Raspberry Pi (Python — pigpio)

ir_rpi.py
#!/usr/bin/env python3
# Install: sudo apt install pigpio python3-pigpio
# Start daemon: sudo systemctl enable --now pigpiod

# Quick raw-pulse capture using pigpio
import pigpio, time, sys

GPIO_PIN = 17

pi = pigpio.pi()
pi.set_mode(GPIO_PIN, pigpio.INPUT)

last_tick = 0
def cbf(gpio, level, tick):
    global last_tick
    diff = pigpio.tickDiff(last_tick, tick)
    last_tick = tick
    print(f"{level} after {diff} us")

cb = pi.callback(GPIO_PIN, pigpio.EITHER_EDGE, cbf)
print("Press buttons. Ctrl-C to stop.")
try:
    while True: time.sleep(1)
except KeyboardInterrupt:
    cb.cancel()
    pi.stop()

Raspberry Pi Pico (MicroPython)

ir_pico.py
# IR receiver on Pico - MicroPython
# Use the micropython-ir library by peterhinch
# https://github.com/peterhinch/micropython_ir

from machine import Pin
from ir_rx.nec import NEC_8

def callback(data, addr, ctrl):
    if data > 0:
        print('Code: 0x{:02X}  Addr: 0x{:04X}'.format(data, addr))
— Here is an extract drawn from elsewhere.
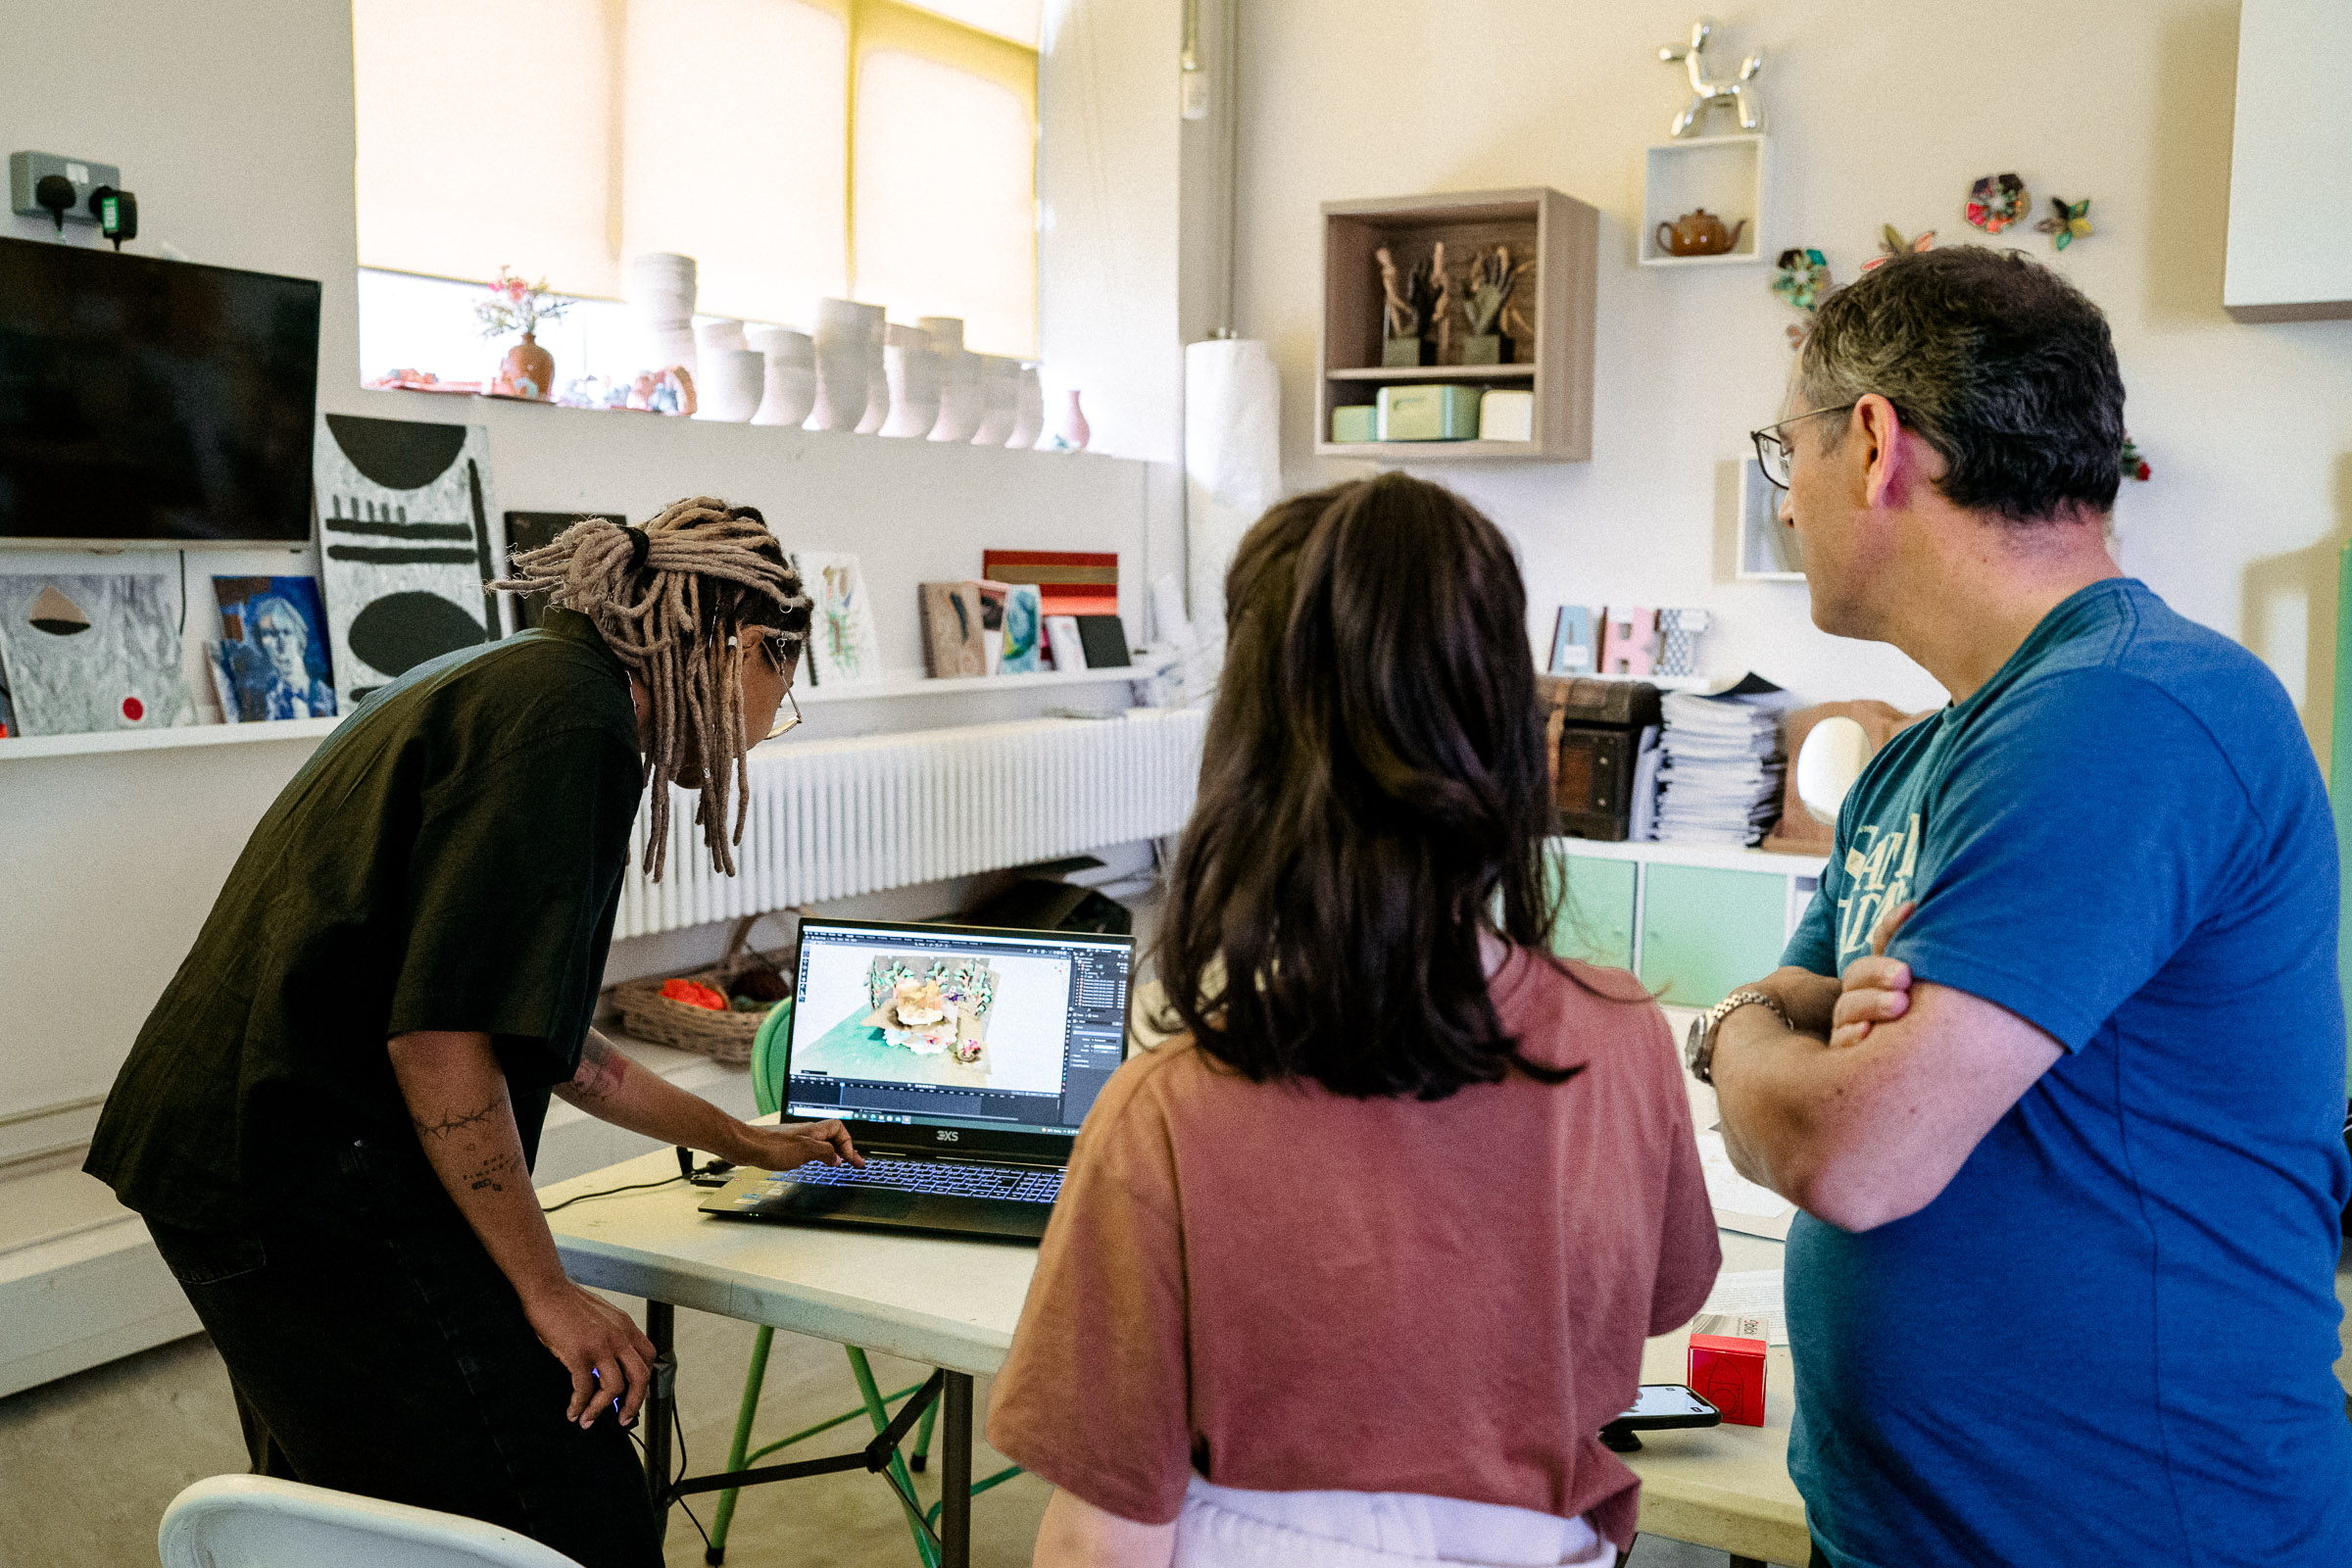 photo displaying three people looking at a laptop in a workshop space. On the left side is the artist, a black person with dreadlocs and black clothing with their hand on the keyboard showing a 3D render to the other two people, a young person with long hair and pink shirt, and their parent, in a blue shirt and short hair with their arms crossed.

ir = NEC_8(Pin(15, Pin.IN), callback)
print("Press buttons...")
while True:
    pass

Frequently Asked Questions

My remote isn't doing anything. What's wrong?
Three things to check: (1) the small CR2025 battery — peel off the plastic insulator tab if you haven't, (2) the receiver wiring — VCC and GND swapped is the most common mistake, (3) point the remote at the receiver's metal-domed face from no more than 1m away while testing.
Why do I get the same hex code for different buttons?
If you're seeing 0xFFFFFFFF, that's a "repeat" code (NEC protocol sends repeats while a button is held). Filter those out by ignoring 0xFFFFFFFF and 0xFFFFFFFE in your switch statement.
Can I use any TV remote with this receiver?
Most modern TV remotes use NEC, RC5, RC6, or Sony SIRC protocols at 38 kHz — all of which the IRremote library can decode. Just call IrReceiver.printIRResultShort() to see what protocol your remote uses.
How do I make my Arduino TRANSMIT IR codes (e.g., to control a TV)?
Connect the included 5mm IR LED to a digital PWM pin (D3 on UNO) through a 220Ω resistor and use the IRremote library's IrSender.sendNEC(). The same library handles both receive and send.
Is the IR signal blocked by furniture or walls?
Yes. IR is line-of-sight only. It also fails through smoked glass and gets confused by direct sunlight or heavy fluorescent flicker. Mount the receiver where it has clear line-of-sight to the user.
Can I run multiple IR receivers in the same room?
Yes. Each microcontroller decodes the same NEC pulses independently — the IR signal is broadcast. If you want different remotes controlling different boards, use remotes with different address bytes and filter by address in software.